第21章 食事への誘い
「……やっぱり、プロに任せて正解だな」
今日はリリアーナがアキラの部屋へ来ている。
大きな家具を修復して欲しくて依頼した所、
配送の手間を考えると、行った方がいいという事だったからだ。
アキラの部屋は、本来ベッド1つ、机1つ、収納棚1が備えつけてあるだけだった。
しかし、今では棚が5つ程増え、
12畳程の広さがあり、十分な広さなはずの部屋が、小さく思える程だ。
そして、合計5個の棚のうち、元々あった1つの棚は洋服、それ以外の5つの棚には、壊れた小物がずらりと並んでいた。
だが、それらはすべてアキラが自分の《鑑定》で見極め、「修復すれば本来の価値を取り戻す」と判断した品だった。
一応物を置ける耐久があると思って買った棚だが、いかんせん古い。
万が一壊れて、コレクションが散らばったら大変なので、
早めに棚を修復する事にしたのだ。
部屋の中央に立ち、アキラは感慨深げに”修復”を見ていた。
実は、5つ買い足した棚、
それらも古く、傷ついている物で、一見価値がないように見える。
しかし、”鑑定”では、とても価値のある棚なのだ。
そんな棚がリリアーナの手によって修復されていく。
ジャンルも時代も統一されていない。
普通ならちぐはぐになりそうな組み合わせだ。
しかし、《修復》を終えた家具たちは、不思議な調和を生んでいた。
「……すごい」
彼女は素直にそう言い、ゆっくりと室内を見渡した。
「それにしても、凄い数の小物ですね」
「市場でついつい買ってしまってね」
そこには、アキラがこれまで集めてきた小物――指輪、首飾り、杯、古い魔道具の残骸などが所狭しと並べられていた。
「これ、全部……?」
「うん。修復前提で集めてたやつ」
リリアーナの目が、きらきらと輝く。
「すごい……これ、全部“見える”んですね」
「まあ……鑑定士だから」
控えめに答えるアキラに、彼女はくすっと笑った。
「鑑定士、って一言で片付けるには、ずいぶん凄すぎですけど」
棚の前にしゃがみ込み、一つ一つを丁寧に見ていくリリアーナの横顔は、職人そのものだった。

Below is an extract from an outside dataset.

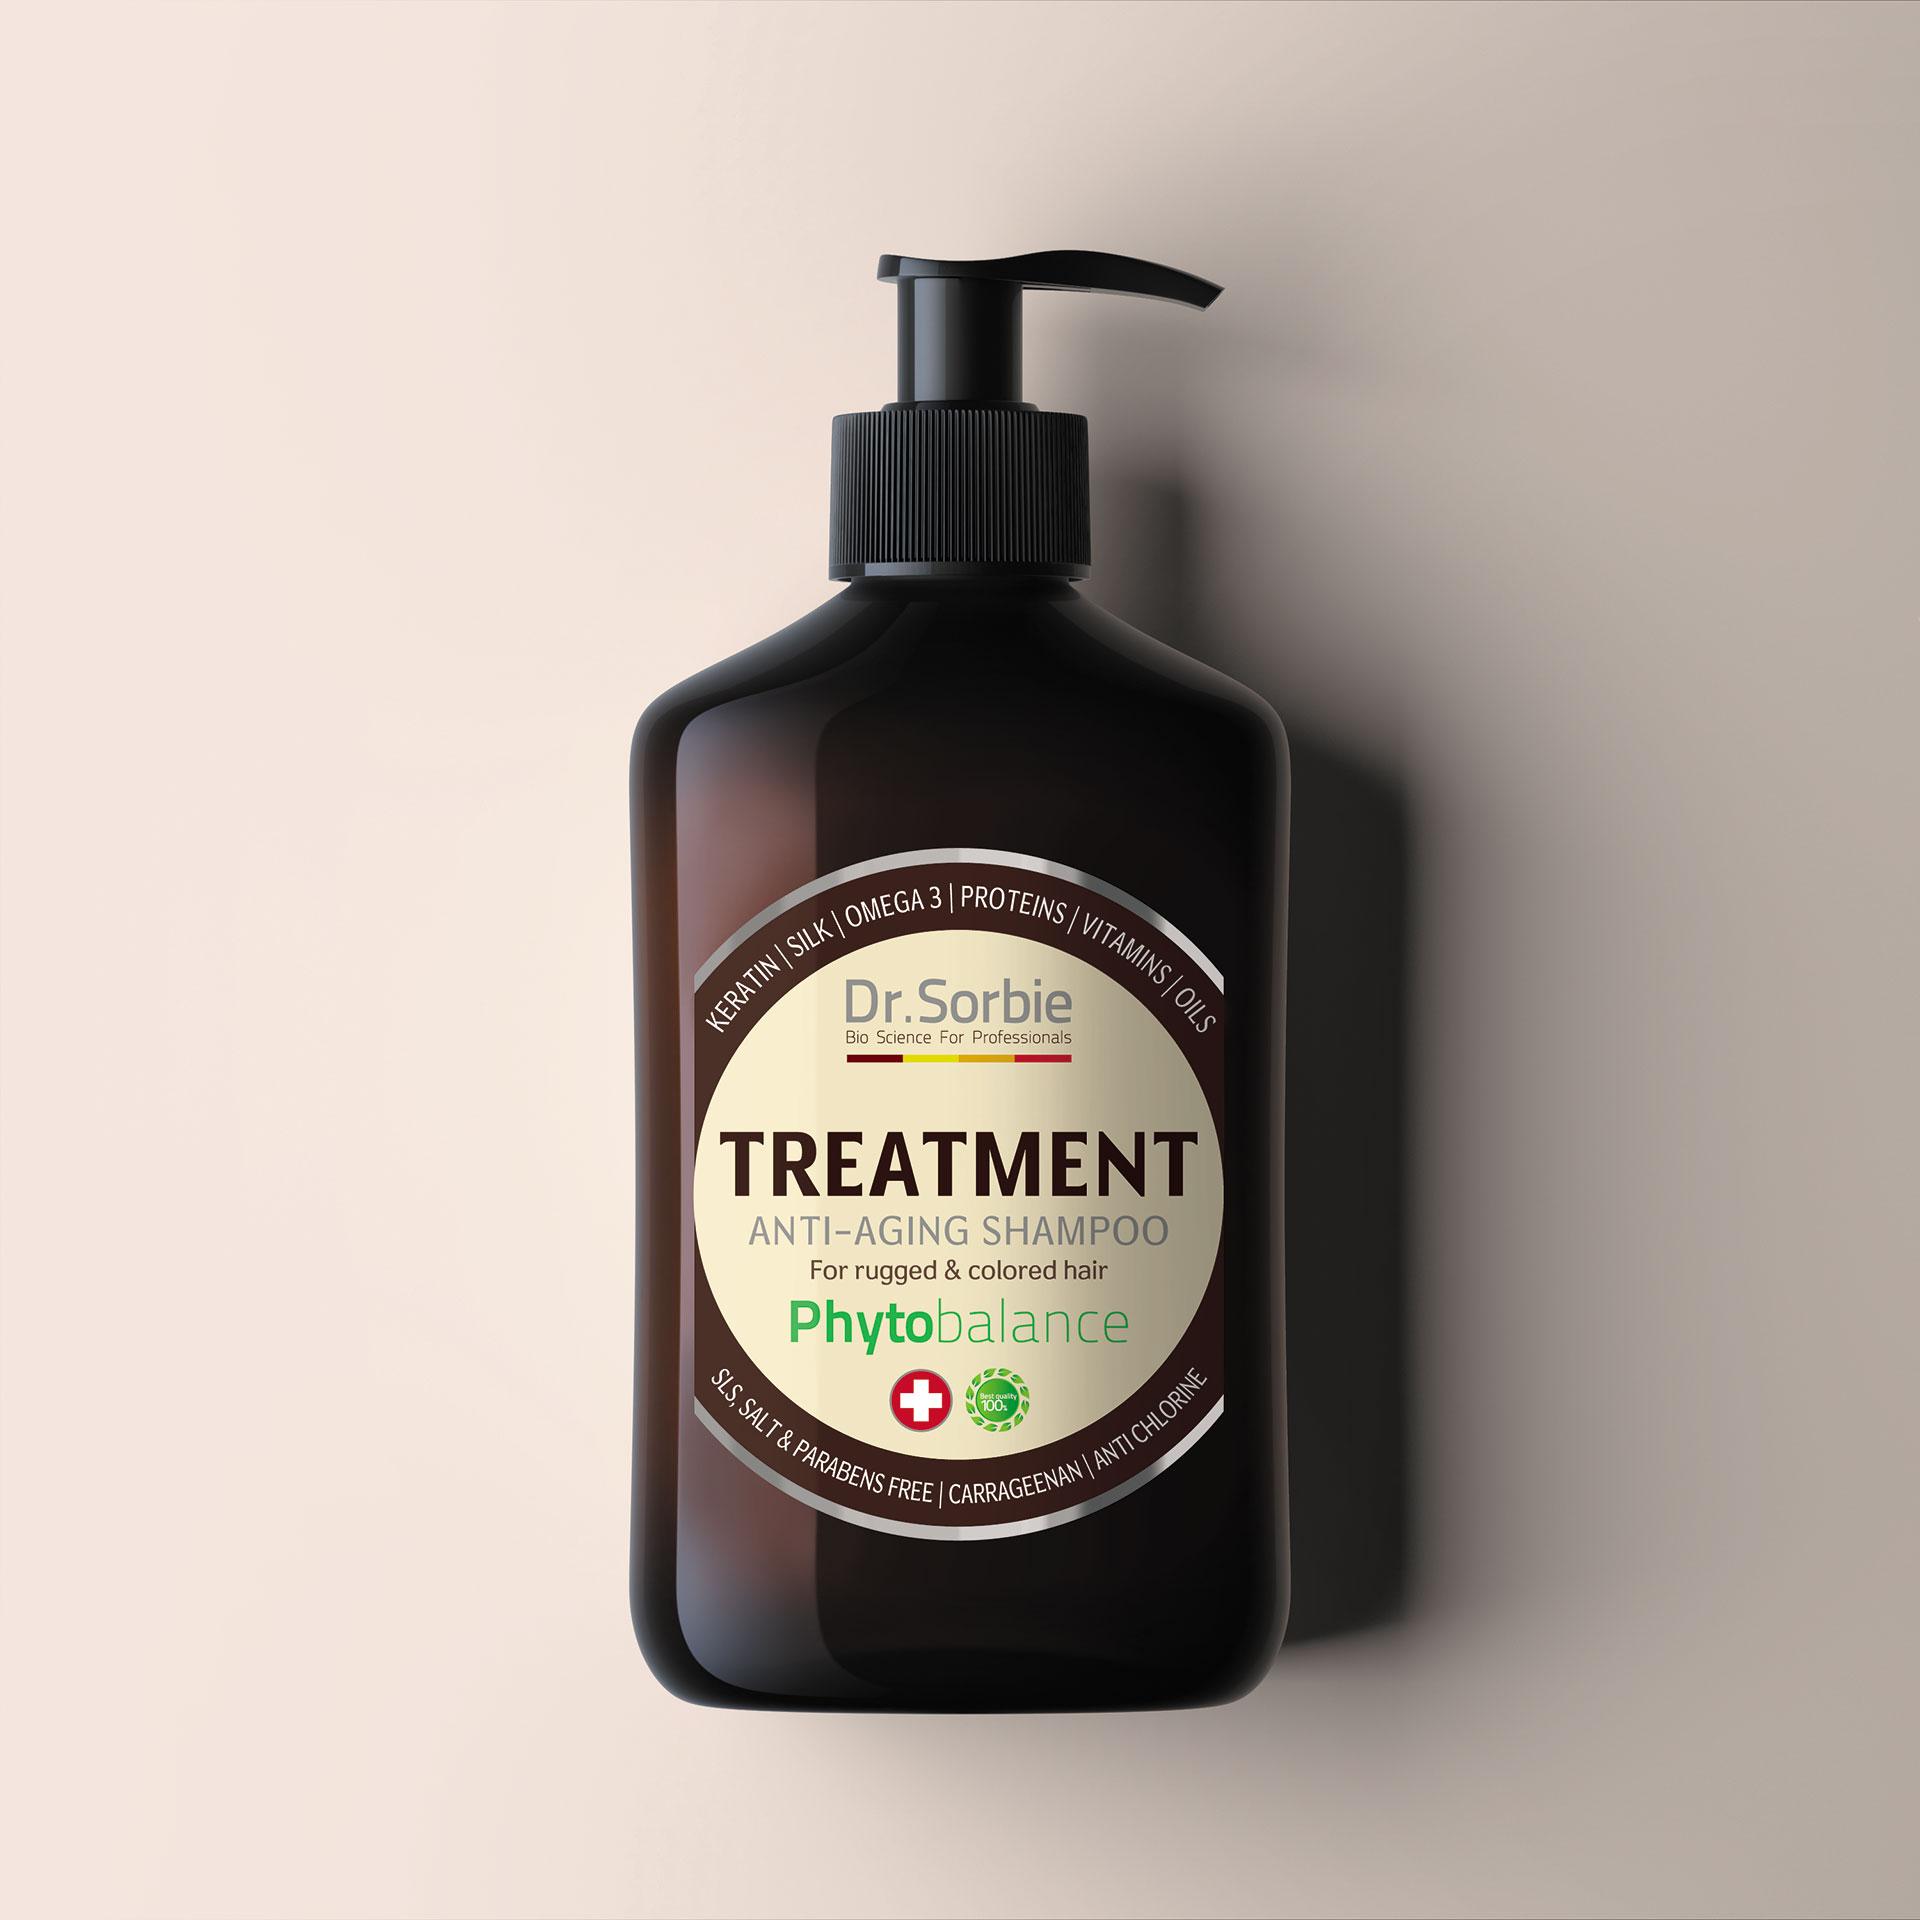 Treatment Shampoo Shampoo by Dr. Sorbie

《修復》というスキルを持つ者が、価値を見抜く者のコレクションを見る――それは、互いにとって刺激的な時間だった。
「この指輪……」
「それは、修復したら貴族の式典用になる」
「でしょうね。欠けてるの、表面だけですし」
二人の会話は、自然と専門的なものになっていく。
気づけば、かなりの時間が経っていた。
「……あ」
ふと我に返ったように、リリアーナが立ち上がる。
「すみません、つい夢中になって」
「いや、全然」
アキラは首を振った。
「それに……今日は修復をお願いしてるし」
そう言って、少し間を置いてから続ける。
「修復の代金はもちろん払うけど……その、家まで来てもらったお礼もしたい」
リリアーナが、きょとんとした顔でアキラを見る。
「お礼、ですか?」
「……食事でもどうかな」
一瞬、沈黙。
アキラは内心で少し緊張していた。
仕事相手としては、これまで何度も会っている。だが、これは一歩踏み込んだ誘いだ。
リリアーナは少し考えるように視線を落とし、そして微笑んだ。
「……それ、嬉しいです」
「本当?」
「はい。修復士としてじゃなく、リリアーナとして招いてもらえるなら」
その言葉に、アキラの胸がわずかに温かくなる。
「じゃあ……簡単なものだけど」
「楽しみにしてます」
こうして、アキラの家には――
鑑定士と修復士、そして一人の男と一人の女性としての、静かな食卓が用意されることになった。
価値を見抜く力と、価値を蘇らせる奇跡。
その二つが交わる場所で、新しい関係が、ゆっくりと芽生え始めていた。